As communities seek to decrease car use and promote alternative forms of transportation — like biking — cities have launched pilot projects around “dockless” bikeshare programs. Dockless bikeshare, offered by companies like LimeBike, Ofo and Jump, is an example of an exciting innovation with great potential. Unfortunately, as with many emerging innovations, the lack of clear regulations is leading to opposition from citizens and local governments, and costly lawsuits, which is detracting from the sustainable and increased mobility opportunities that dockless bikeshare offers.

Most cities where dockless bikeshare testing is ongoing rightly recognize that innovation is not exempt from public contracting requirements and have made testing agreements. For communities contemplating an emerging technology pilot project, it is important to consider these contracts involve new technologies that necessitate innovative contracting clauses that consider evolving legal issues like data sharing, intellectual property infringement (see recently settled Waymo v. Uber lawsuit), privacy and new and unknown liabilities that require risk management and insurance considerations. Further, careful consideration needs to go into whether negotiating exclusive agreements with companies when a technology is just coming onto the market is in the community’s best interests.

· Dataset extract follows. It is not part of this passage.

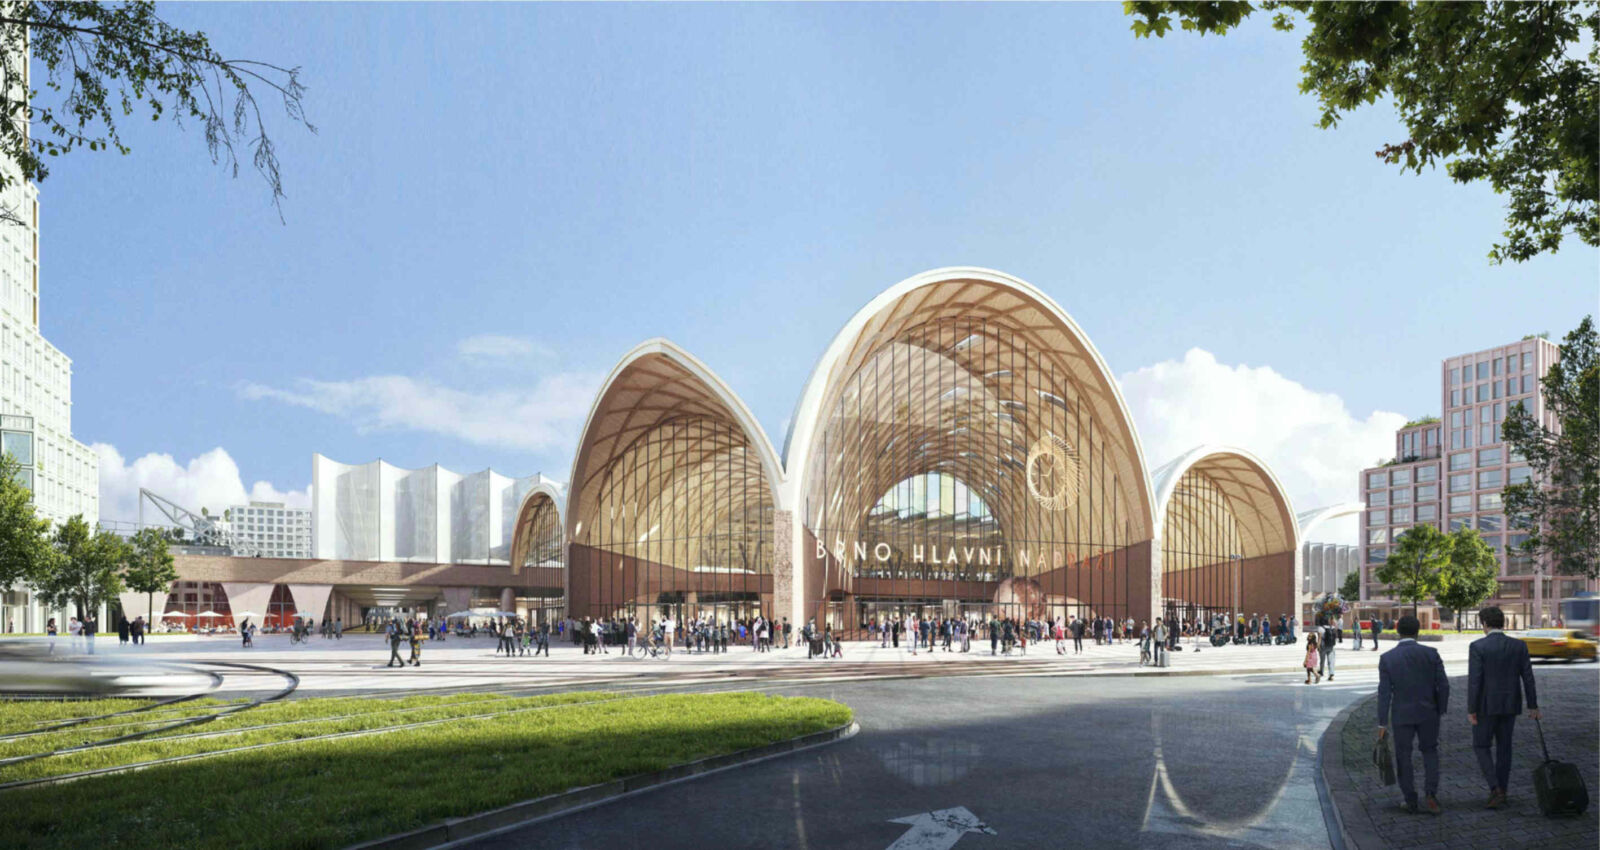 Vítězný návrh nové podoby brněnského hlavního nádraží

Disruption from dockless bikeshare has spilled over to something that many communities hold dear: sidewalks. In many communities, particularly in residential areas, citizens have pushed back claiming that dockless bikes being left in the middle of sidewalks and on street corners are a nuisance and a public safety issue. While such claims can normally be dealt with through an established code enforcement process, most jurisdictions have not updated their codes to address such technologies and, thus, do not have a clear mechanism for addressing citizen concerns.

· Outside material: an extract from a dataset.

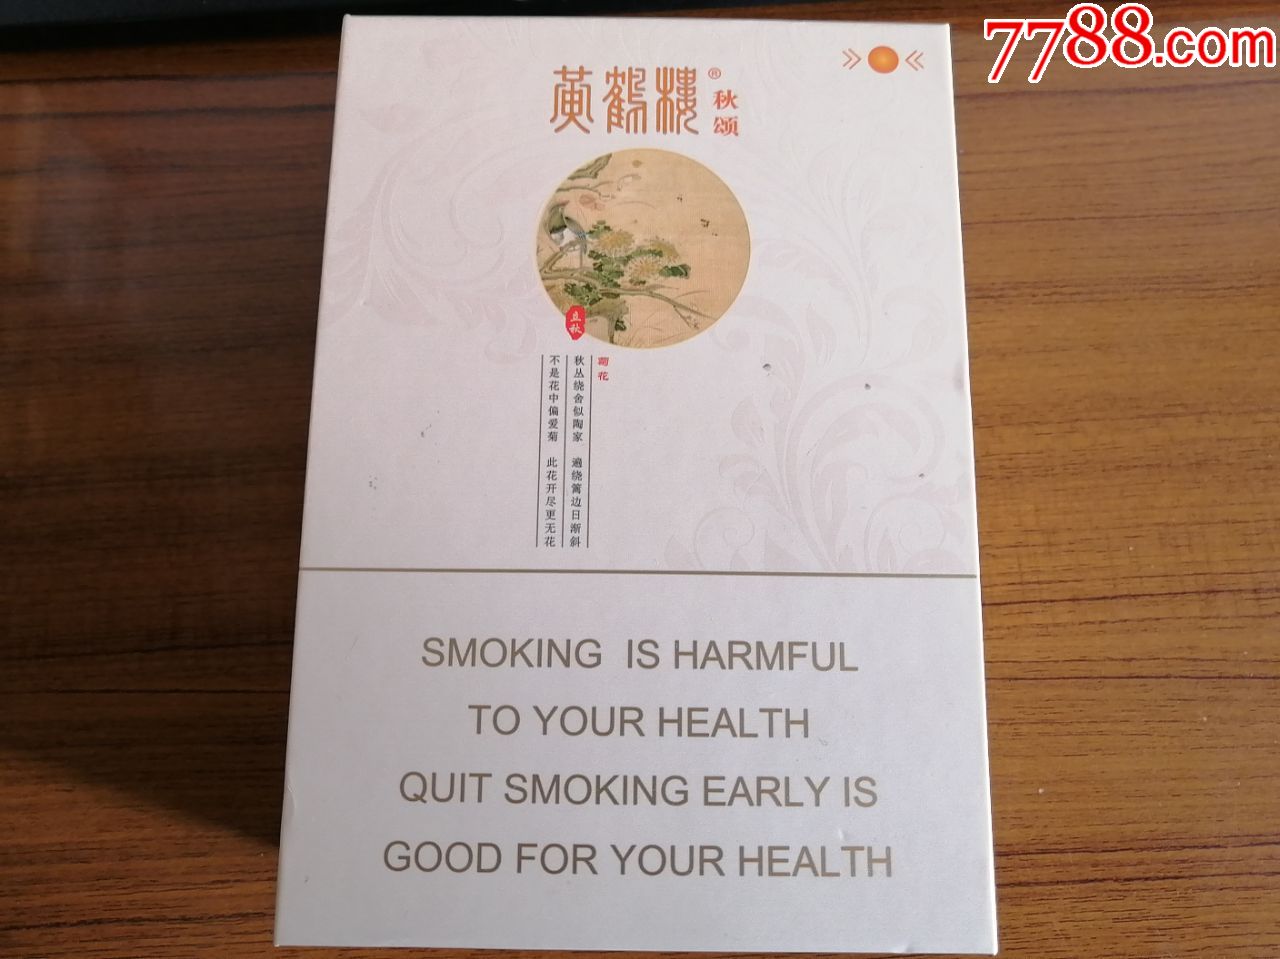 黄鹤楼正方形包装香烟图片

For example, in reviewing a user agreement from a dockless bikeshare company, it states that, upon conclusion of a ride, a bike “must be parked at a lawful parking spot.” However, the term “lawful parking spot” is not defined in the user agreement and likely not defined in the applicable city code. An inability to address such concerns leads to negative press instead of a positive focus around the opportunities that such new innovations bring, and may turn elected leaders against these projects in the future.

Continuing to encourage the testing of new innovations in our communities should be encouraged, but establishing basic regulatory foundations around pilot projects will help reduce the unintended speed bumps and citizen pushback, as well as ensure safety, mitigate risks and reduce potential legal costs. The risk of litigation is not limited to just existing contracts, but also includes new companies claiming that, since there are no regulations prohibiting the operation of new technologies in a community, then it has the right to launch without any approvals from local officials.This is the lawsuit playing out in Santa Monica, Calif. with a dockless electric scooter company.

Regulations that address innovative pilot projects can be simple and uncomplicated so they can adapt with technology. Hopefully, lessons learned come from data that is shared and collaboratively analyzed by the company and its public partner through a pilot project. When adopting regulations, a community will need to be proactively aware of any potential state legislation seeking to reduce local control and be ready to oppose such legislation.

Being proactive to implement basic policies focused on the safe and effective integration of emerging technologies into communities allows elected officials, staff and citizens to collaboratively chart and embrace a vision for technology in a community. The alternative means risking that technology operates uncontrolled and causes unproductive disruption that lead to unnecessary risks.